A person who derives their identity from status and possessions is a person for whom simplicity is impossible, by definition. I am quite familiar with this status-and-possession-driven demographic. Fancy clothes and luxury cars surround me, but they don’t impress me. Neither do advanced degrees and big titles. None of these things are terribly bad in themselves. The issue is really whether these things define you. For a lot of people they seem to. There is a pervasive, unquenchable thirst for more. I love the quote from Arthur Gish that Foster used, “We buy things we do not want to impress people we do not like.” There really is a psychosis at work for people to labor so hard at something so futile. There is no satisfaction in a rat race. Ever. Because there is always a need for more, and Christians shouldn’t ever find themselves in such a race. Instead the identify of a Christian is based on Christ. That means we are to love Him, glorify Him, praise Him, and proclaim Him because that’s who we are. We are not stuff. We are not status. We are children of God and we have a high calling to fulfill. Oftentimes stuff gets in the way.

True Fulfillment

Blaise Pascal said this: “What is it then that this desire and this inability proclaim to us, but that there was once in man a true happiness of which there now remain to him only the mark and empty trace, which he in vain tries to fill from all his surroundings, seeking from things absent the help he does not obtain in things present? But these are all inadequate, because the infinite abyss can only be filled by an infinite and immutable object, that is to say, only by God Himself.” (Pensees 7.425) In short, the God-shaped hole in our heart aches. We try to fill it with so many things, when only God fits. Isn’t part of the struggle with simplicity trying to shove something, often with force, into that God-shaped void? I think greater simplicity would be automatic if we’d stop shoving. Letting God be all He wants to be in our lives is so simple. Not easy, mind you. But so, so simple.

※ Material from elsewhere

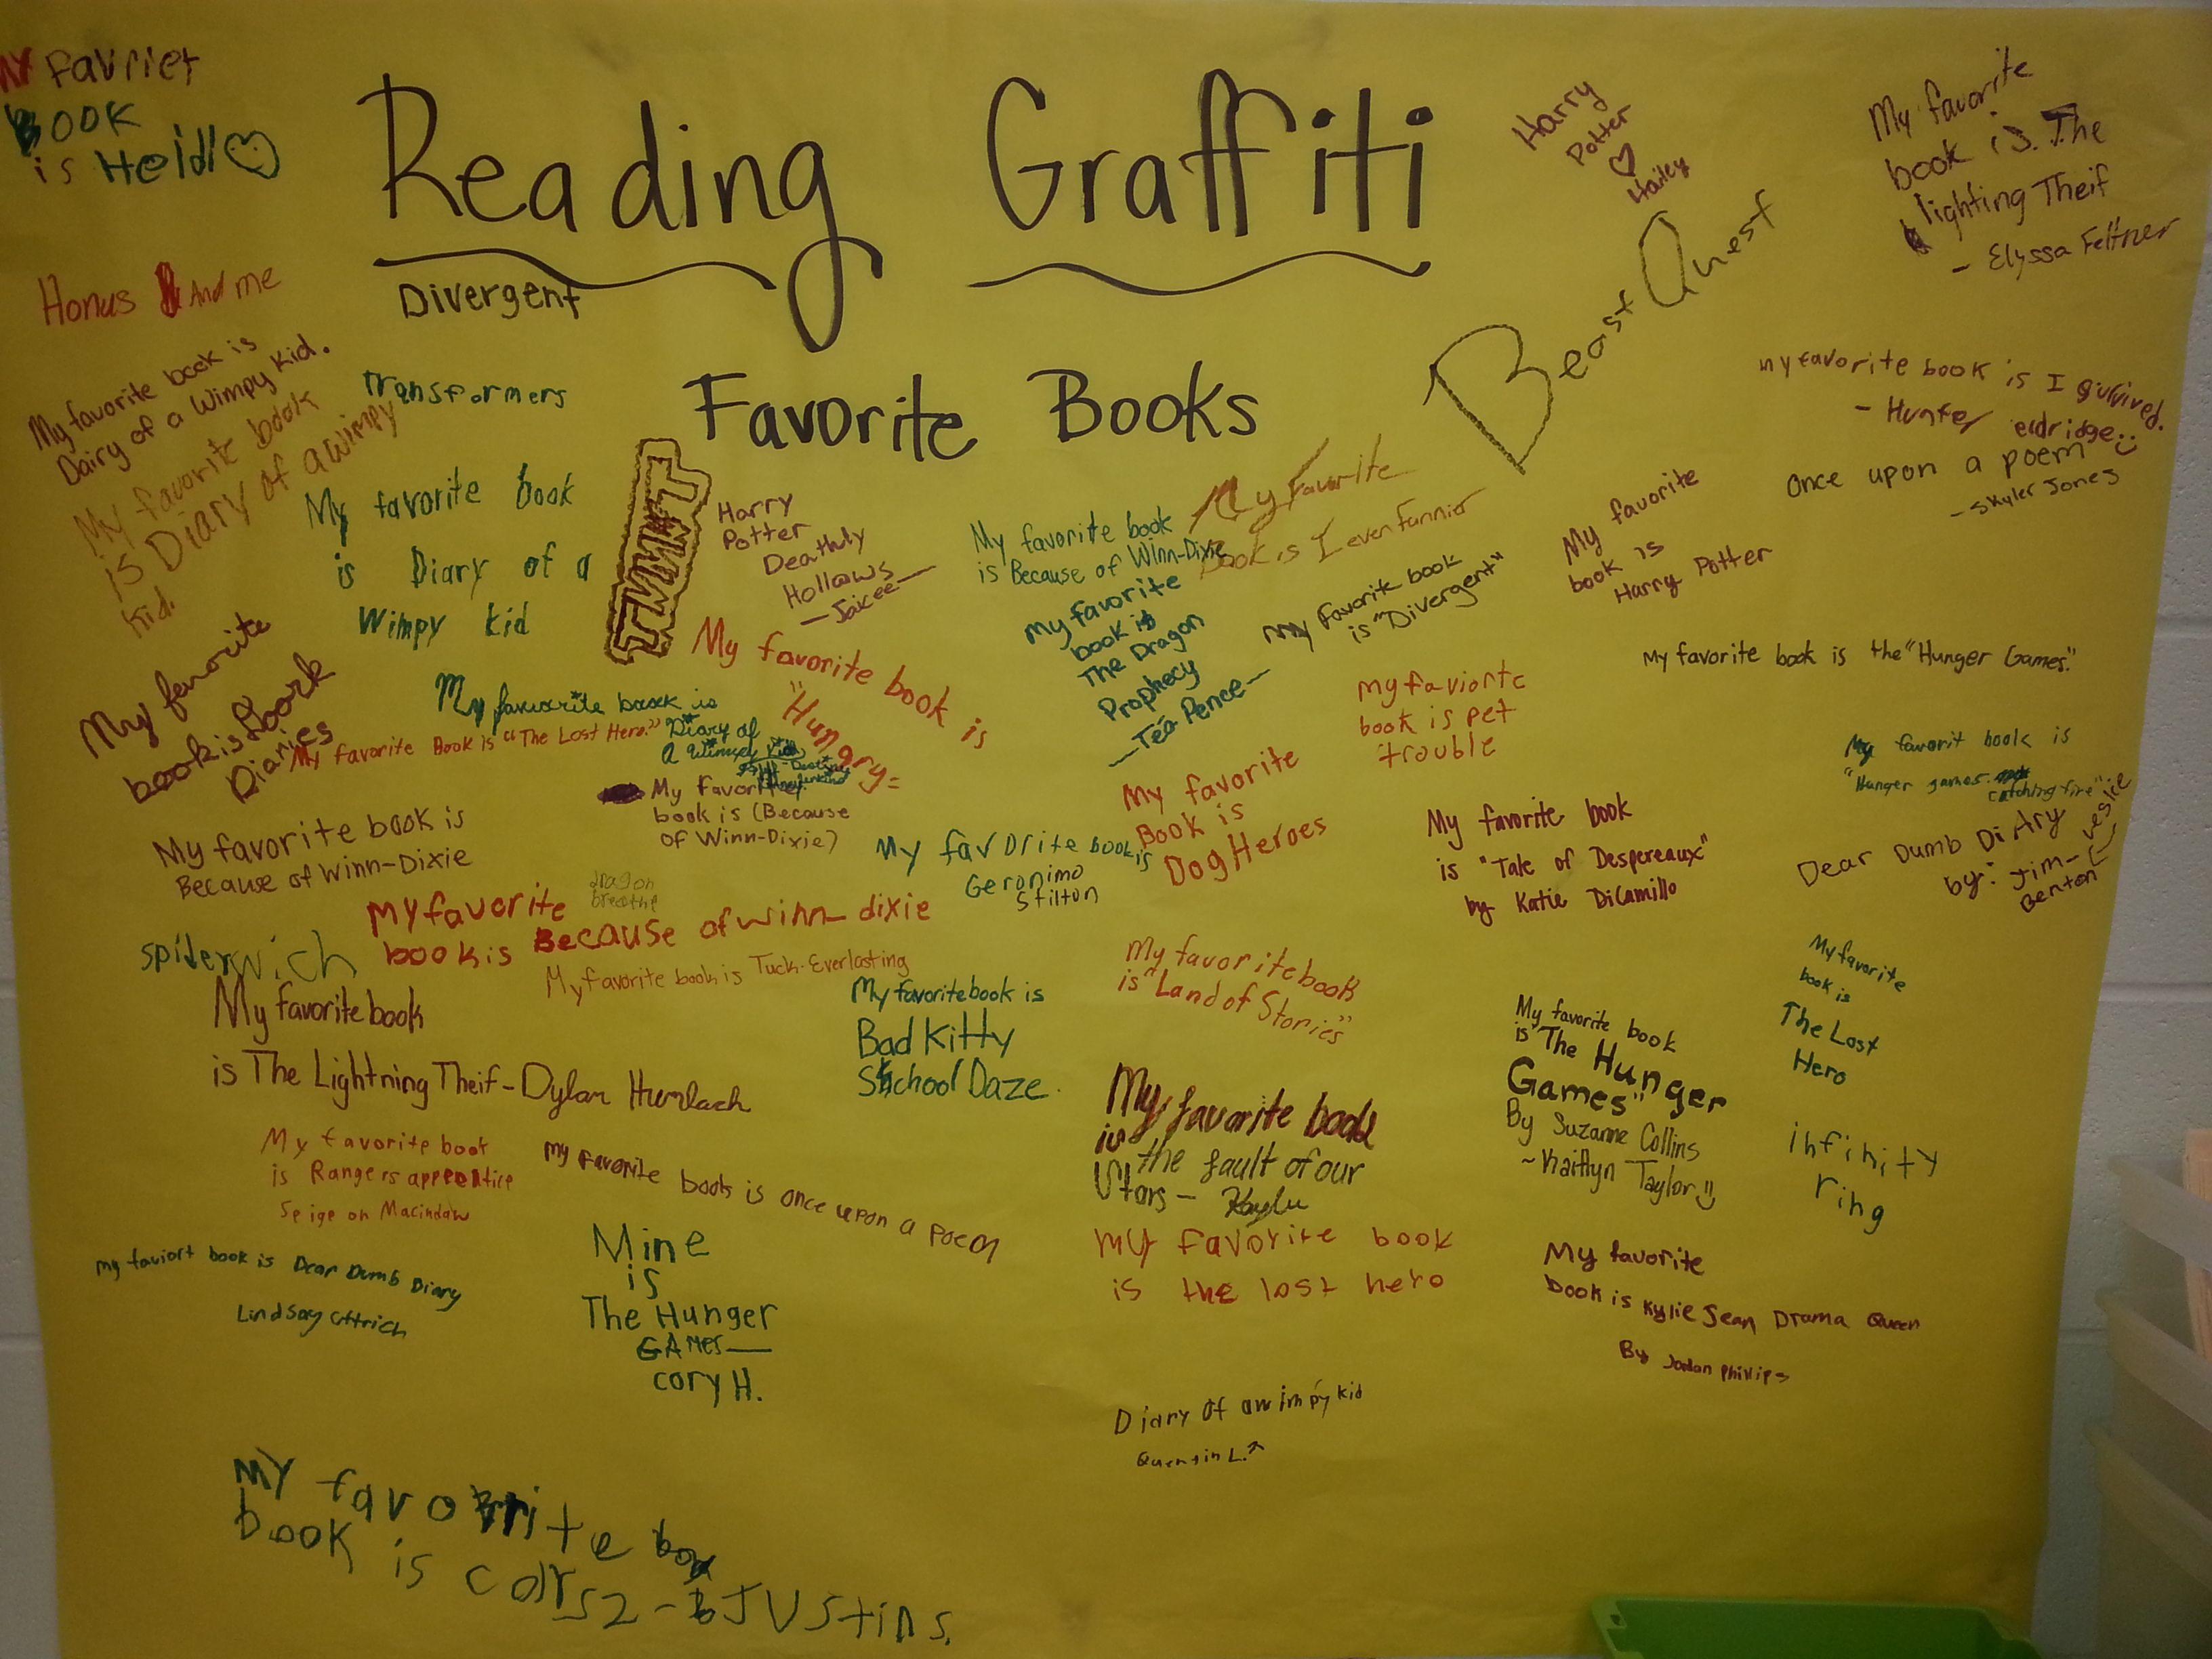 Graffiti wall activity - Reading Graffiti Wall

So there’s a lot to work through here. And we know where we stand on this. It’s pretty easy to self-evaluate.

A couple quotes:

“All of us, deep down, know that the meaning of life is just one word, and all of us, deep down, know what word that is.” (Peter Kreeft)

“If you continue to love Jesus, nothing much can go wrong with you, and I hope you may always do so.” (C.S. Lewis)

This week I’m going to pray for eyes to see what God has for me here, and also for a willingness and resolve to put it into practice.